El malware en sí fue diseñado para, primero unirse al navegador de acogida, lo que le permite modificar cualquier página Web que quería antes mostrarlos al usuario. Una vez conectado al navegador, el malware podría insertar un código adicional, (una red de bots), en la página o páginas web del banco que el usuario visitase.

Esto no es lo que realmente da miedo. La verdadera carga útil llega cuando la botnet aprovecha su conexión a los sistemas bancarios situados en el otro lado del navegador, como un canal a través del cual se puede insertar el verdadero ataque a la inserción de código de transacción monetaria que esencialmente genera la posibilidad de desviar cierta cantidad de dinero.
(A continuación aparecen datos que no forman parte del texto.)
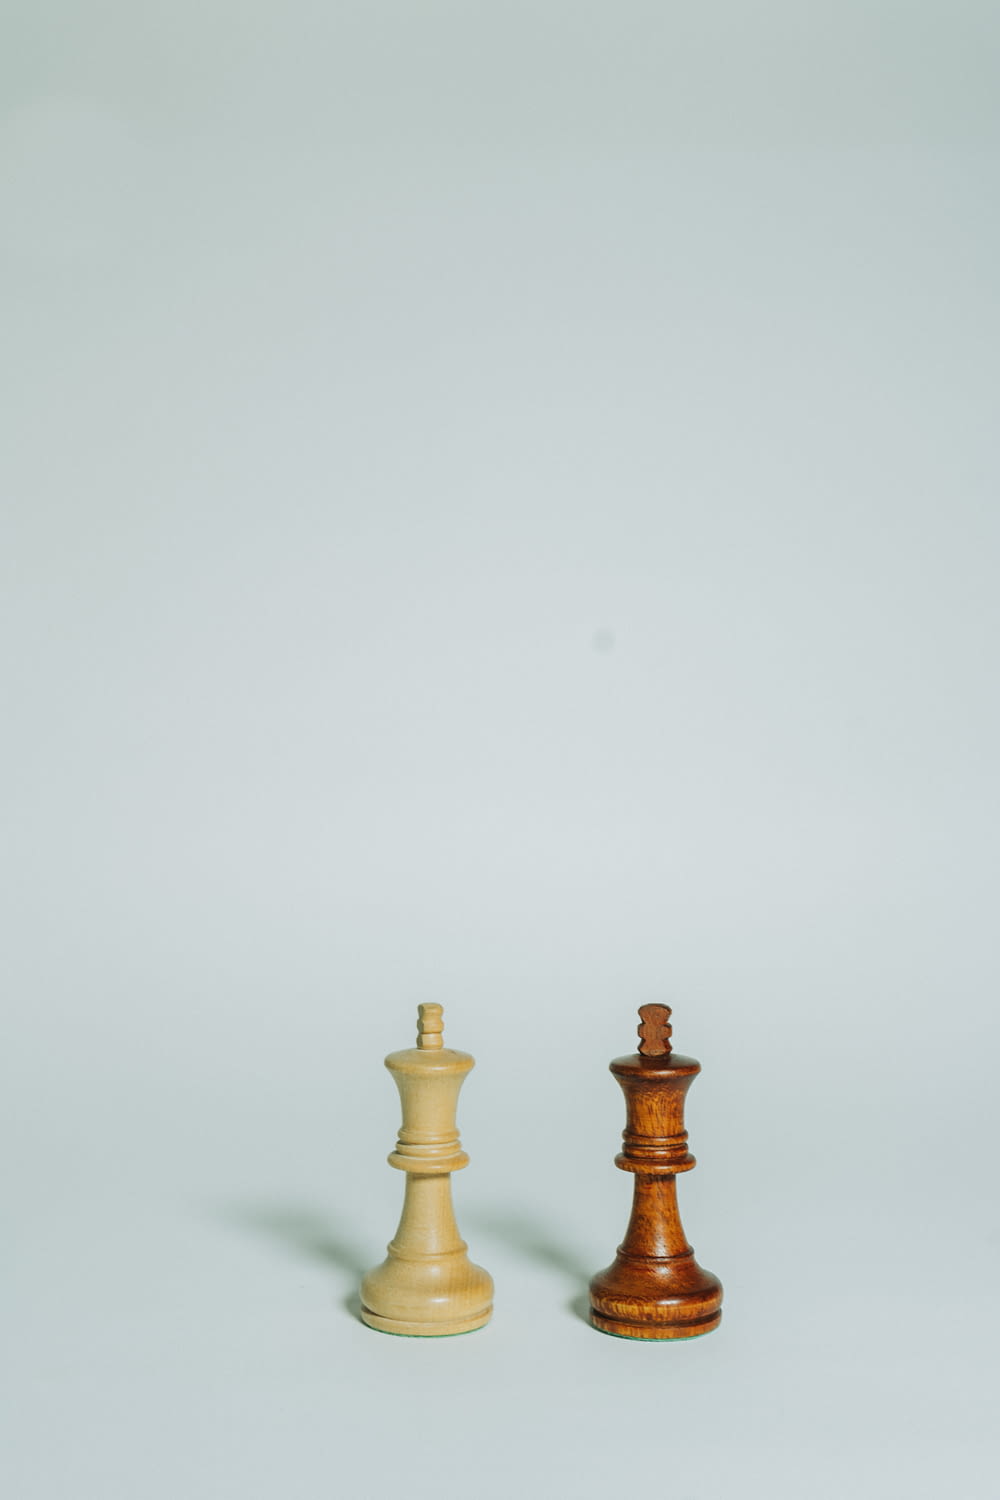 a wooden chess piece next to a wooden chess piece

Zbot, que ahora se conoce públicamente como ZeuS, fue la primera aparición de un botnet malicioso, con teléfono en el hogar y el mando y control de la gestión del servicio. Su creador, conocido en los canales subterráneos como Slavik, vendió el kit del malware original a la industria en este submundo del ciberespacio.

Slavik trabajó extremadamente bien. Tanto así, que hizo un montón de dinero y algunos de sus clientes hicieron más con el lanzamiento de algunos graves ataques a la banca en línea, utilizando el kit de malware que creó y comercializó.

A medida que el nuevo mercado crecía, el negocio se convirtió en uno de escalas mayores, con sus intereses, y márgenes de codicia.

(Continuará…)

Adolfo Manaure

Entusiasta seguidor de la tecnología y las innovaciones que cambian el mundo. Director Editorial y COO en The HAP Group.